= YOUR INSTRUCTIONS =
Wherever a line below holds the word "side", copy that line.

++++++++++

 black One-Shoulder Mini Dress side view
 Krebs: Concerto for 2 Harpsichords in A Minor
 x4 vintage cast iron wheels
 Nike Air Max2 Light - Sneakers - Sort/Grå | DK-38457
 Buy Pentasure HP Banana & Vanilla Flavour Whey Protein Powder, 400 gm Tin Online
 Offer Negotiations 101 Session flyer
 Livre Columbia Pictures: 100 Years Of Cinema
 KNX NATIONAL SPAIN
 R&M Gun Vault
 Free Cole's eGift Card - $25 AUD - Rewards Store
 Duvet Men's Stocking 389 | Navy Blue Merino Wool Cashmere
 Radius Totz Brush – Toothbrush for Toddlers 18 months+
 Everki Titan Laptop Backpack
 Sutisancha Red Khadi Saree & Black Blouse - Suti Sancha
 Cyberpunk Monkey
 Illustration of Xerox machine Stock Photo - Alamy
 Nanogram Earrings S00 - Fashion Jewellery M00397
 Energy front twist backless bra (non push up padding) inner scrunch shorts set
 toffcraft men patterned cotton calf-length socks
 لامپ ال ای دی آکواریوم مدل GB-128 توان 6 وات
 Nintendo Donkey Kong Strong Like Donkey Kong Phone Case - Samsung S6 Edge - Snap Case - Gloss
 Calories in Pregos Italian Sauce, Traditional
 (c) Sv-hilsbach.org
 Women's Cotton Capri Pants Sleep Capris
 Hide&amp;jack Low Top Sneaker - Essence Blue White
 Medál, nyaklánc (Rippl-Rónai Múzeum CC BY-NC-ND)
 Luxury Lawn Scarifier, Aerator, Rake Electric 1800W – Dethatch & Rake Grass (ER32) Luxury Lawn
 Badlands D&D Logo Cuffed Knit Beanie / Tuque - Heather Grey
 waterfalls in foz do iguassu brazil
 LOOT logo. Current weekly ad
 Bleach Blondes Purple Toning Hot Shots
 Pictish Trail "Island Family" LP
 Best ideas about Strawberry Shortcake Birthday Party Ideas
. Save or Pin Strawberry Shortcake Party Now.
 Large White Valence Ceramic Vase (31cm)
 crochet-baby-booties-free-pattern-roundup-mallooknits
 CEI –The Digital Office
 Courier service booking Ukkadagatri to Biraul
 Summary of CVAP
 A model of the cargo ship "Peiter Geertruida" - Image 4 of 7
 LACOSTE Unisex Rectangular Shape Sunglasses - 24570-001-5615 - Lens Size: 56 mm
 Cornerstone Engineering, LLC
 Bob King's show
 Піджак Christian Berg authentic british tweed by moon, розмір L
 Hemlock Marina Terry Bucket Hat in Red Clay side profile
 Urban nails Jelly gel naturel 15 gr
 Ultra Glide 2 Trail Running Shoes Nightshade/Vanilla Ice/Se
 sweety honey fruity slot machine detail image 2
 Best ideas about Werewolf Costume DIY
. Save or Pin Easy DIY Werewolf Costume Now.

++++++++++

= OUTPUT FOR THIS TASK =
 black One-Shoulder Mini Dress side view
 Hemlock Marina Terry Bucket Hat in Red Clay side profile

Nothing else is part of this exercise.